*Source material*
▶

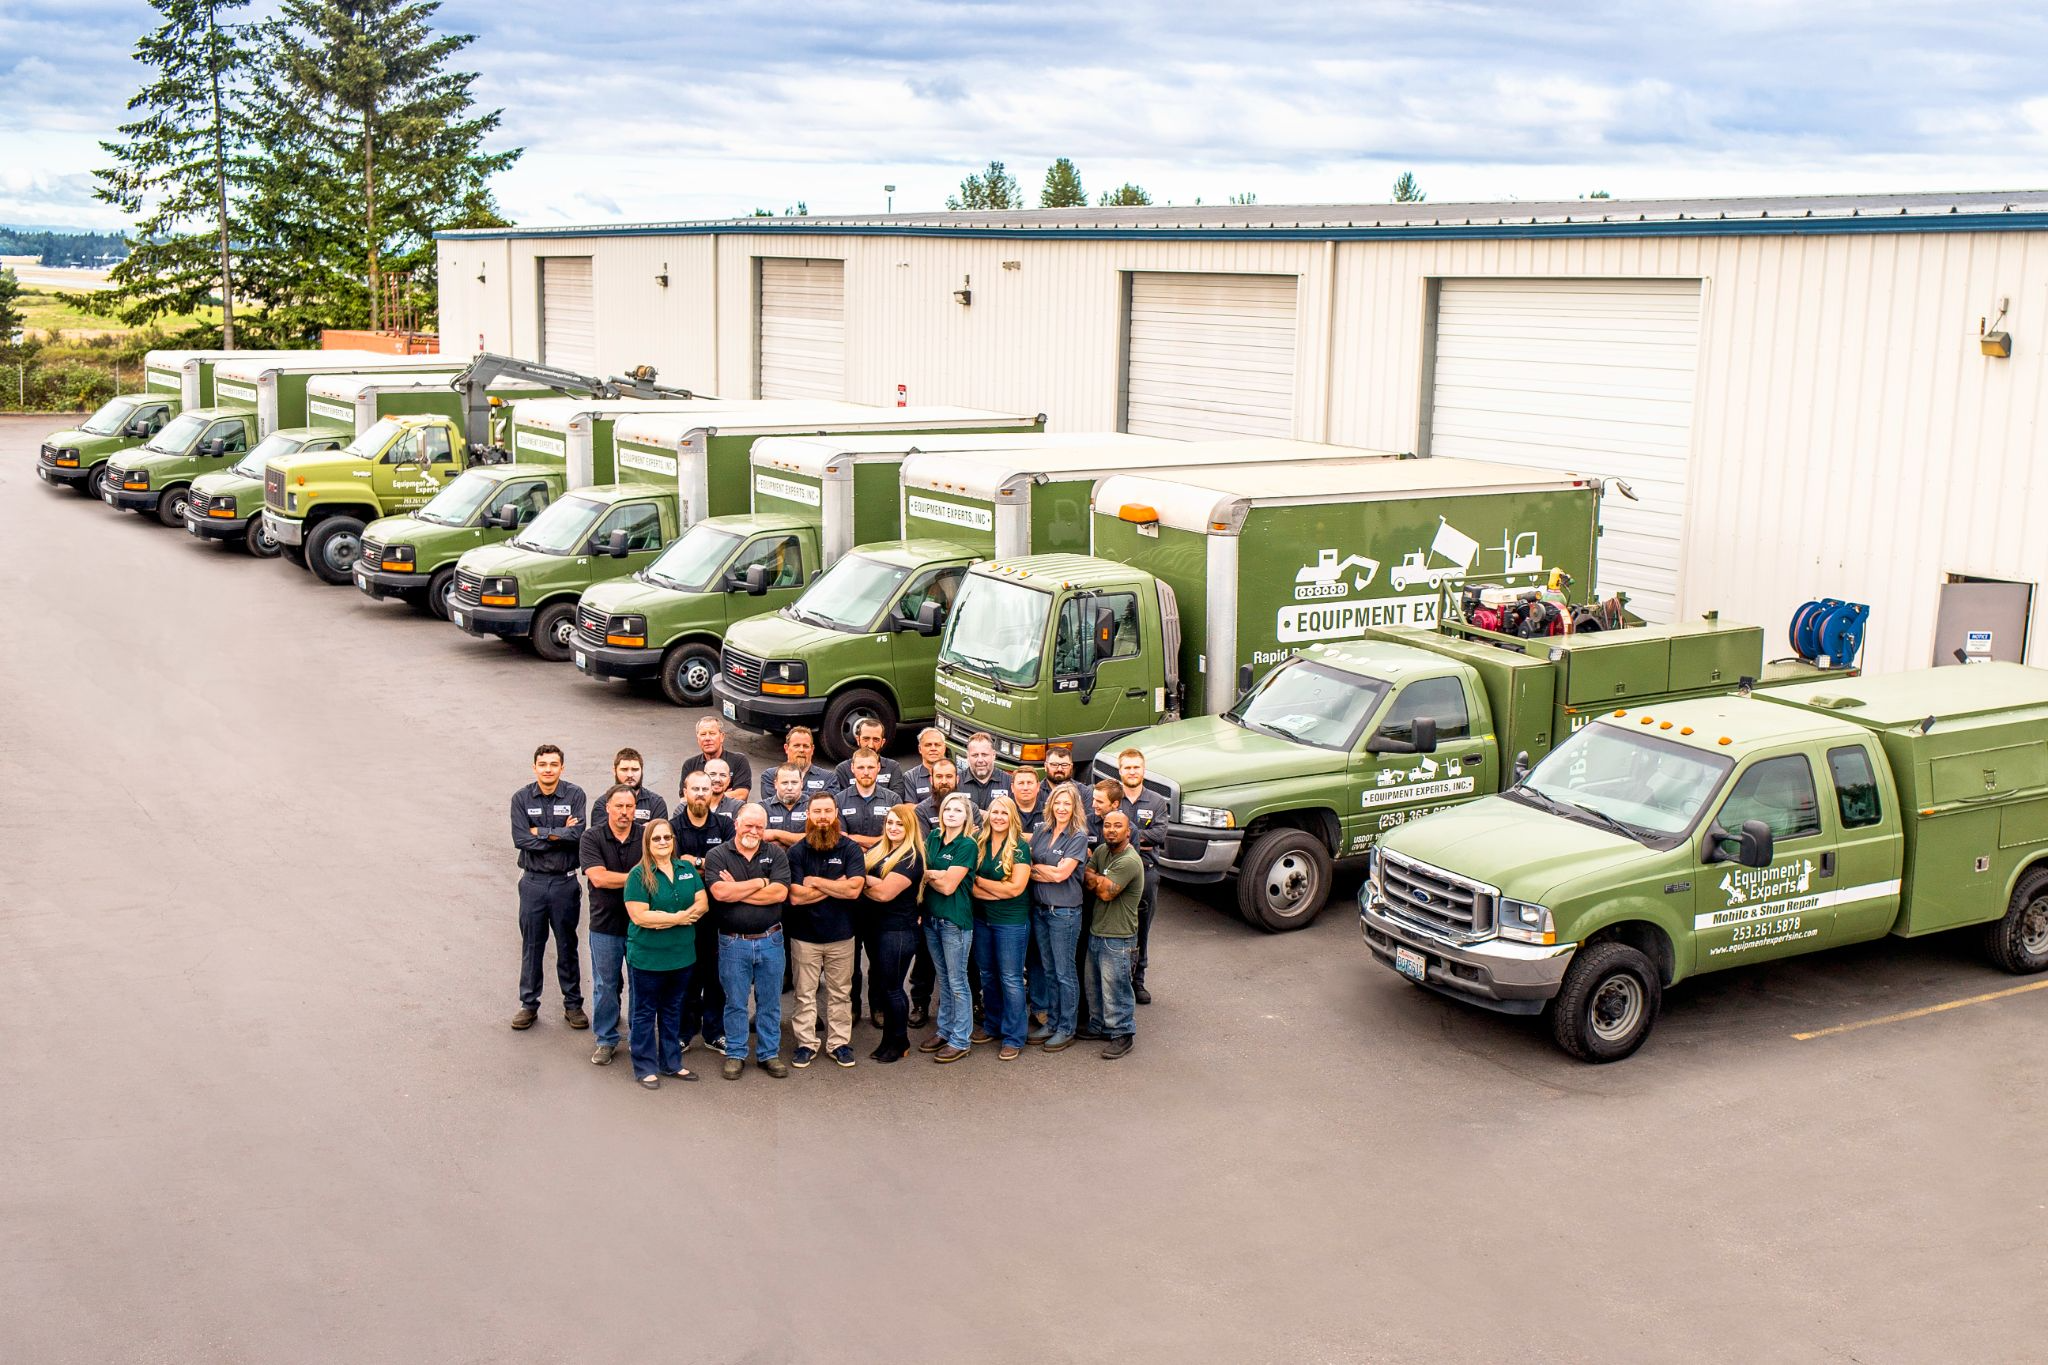 Equipment Experts, Inc. team with crossed arms in front of a fleet of trucks
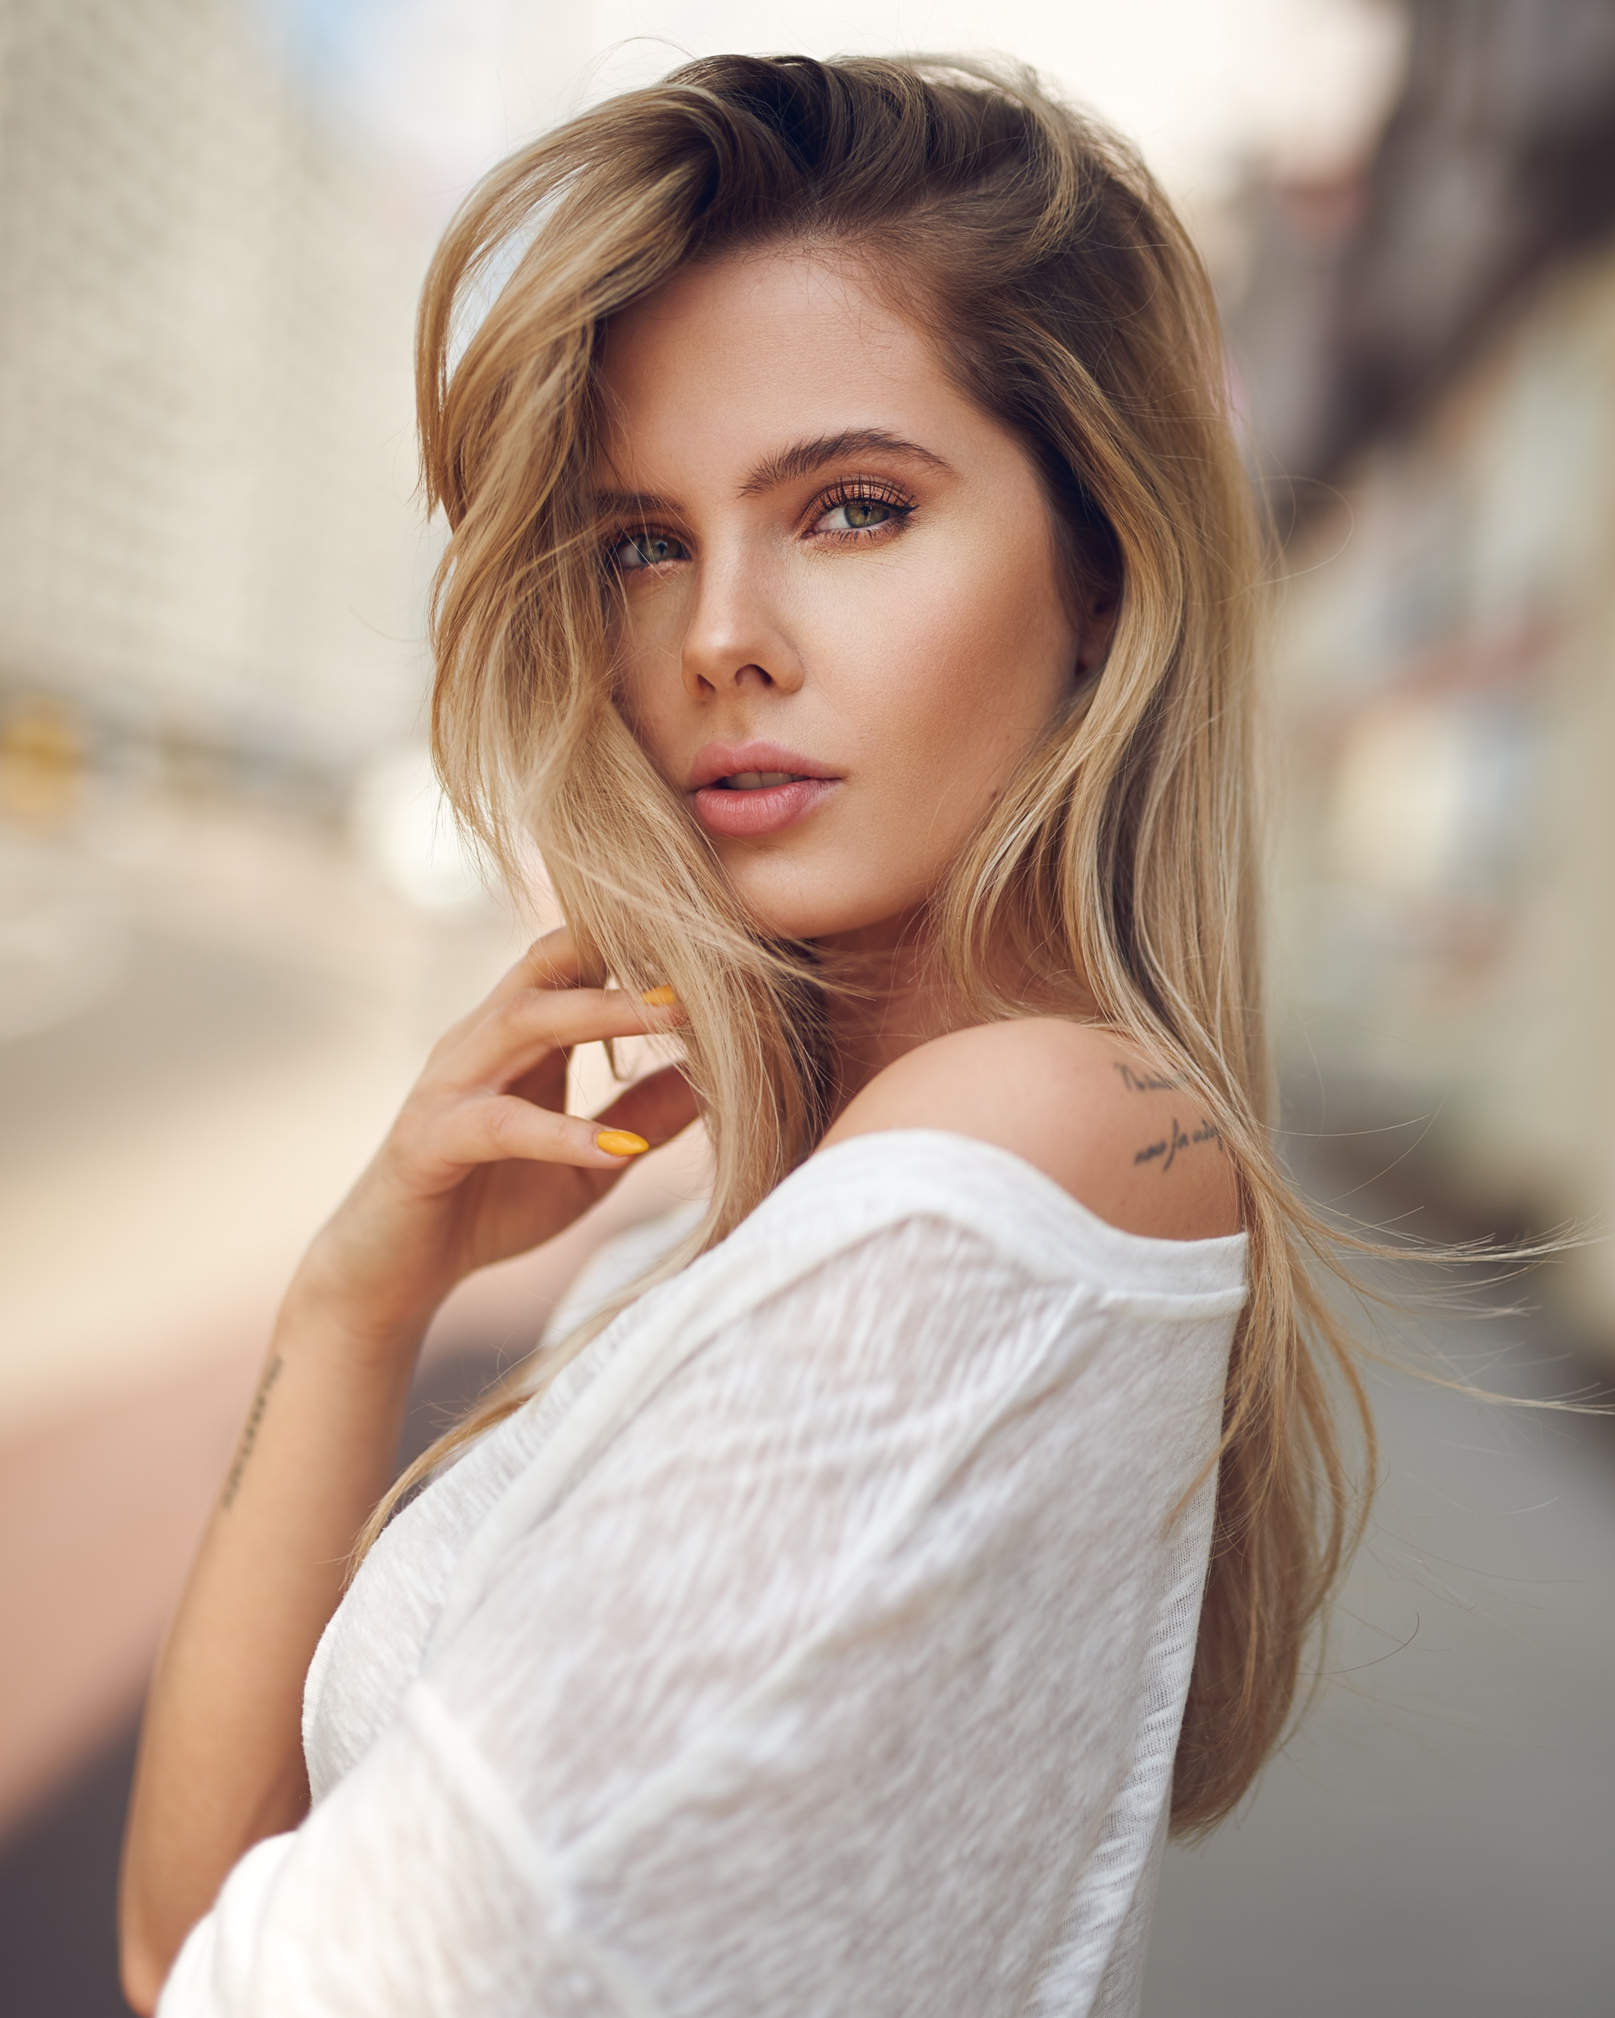 People 1615x2018 women outdoors face portrait display women looking at viewer green eyes depth of field straight hair blonde white shirt bare shoulders pink lipstick blurred painted nails tattoo photography Bulinko Piotr
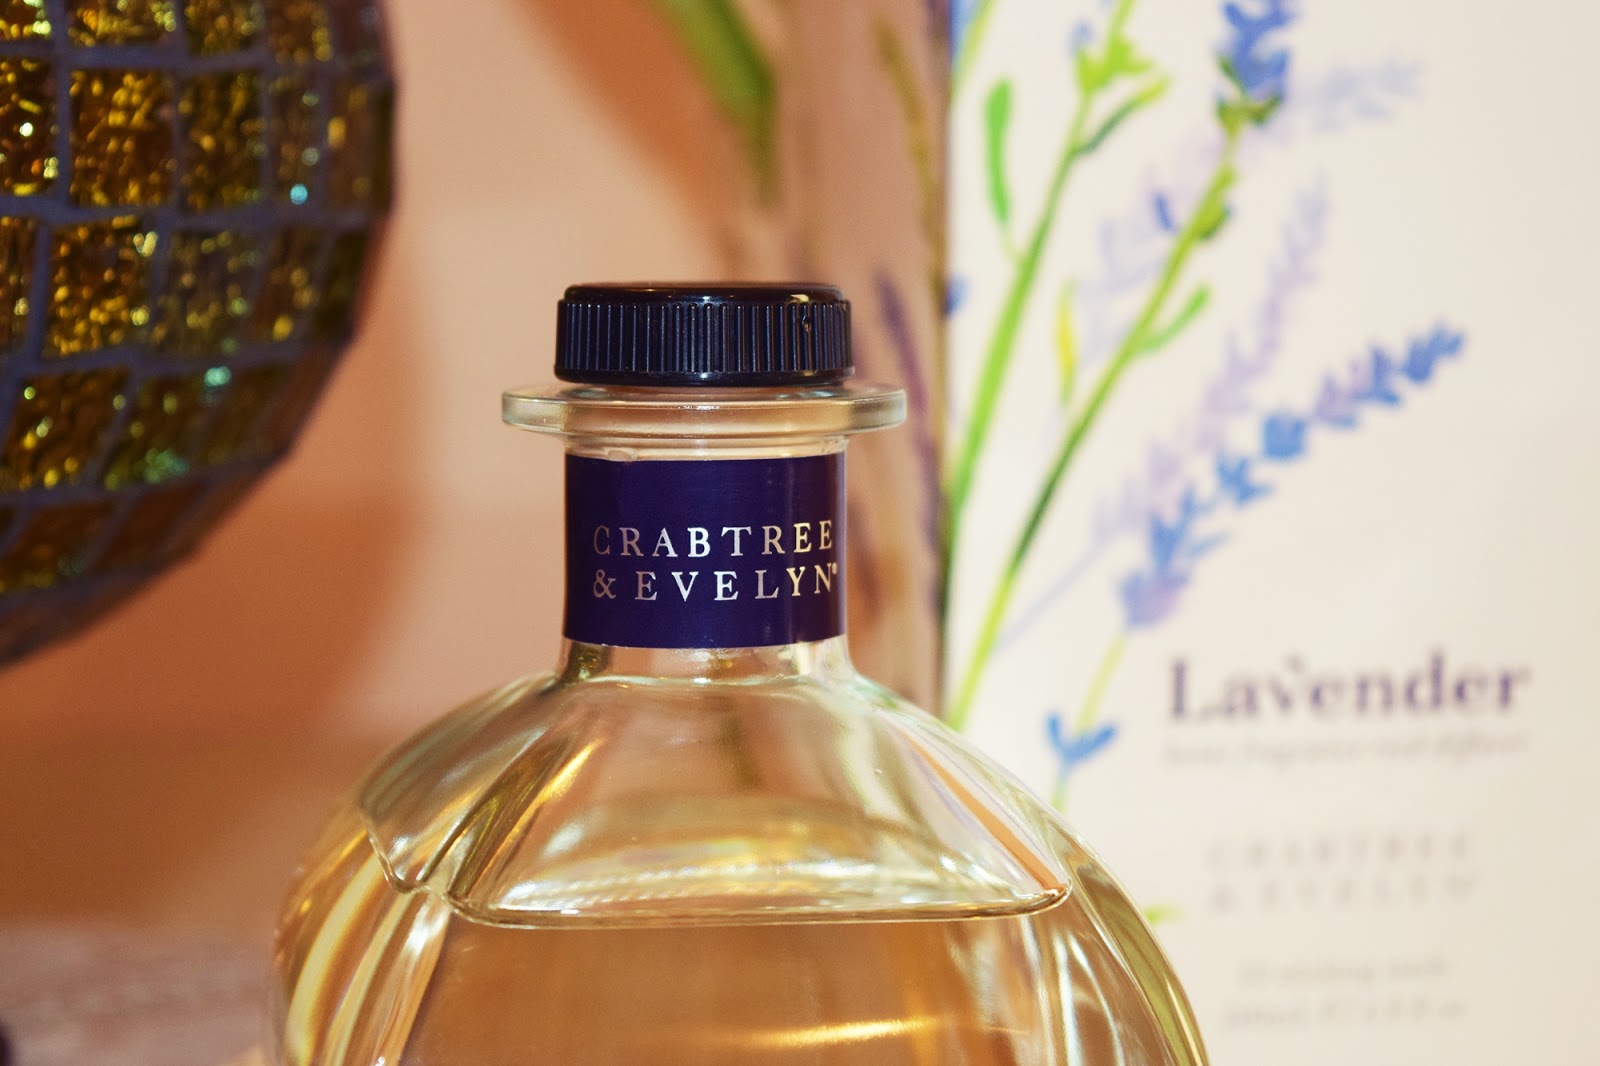 Crabtree & Evelyn Lavender Reed Diffuser

◀

*What is needed*
Apart from the pictures, every line above must be printed exactly.

*Reply*
 Equipment Experts, Inc. team with crossed arms in front of a fleet of trucks
 People 1615x2018 women outdoors face portrait display women looking at viewer green eyes depth of field straight hair blonde white shirt bare shoulders pink lipstick blurred painted nails tattoo photography Bulinko Piotr
 Crabtree & Evelyn Lavender Reed Diffuser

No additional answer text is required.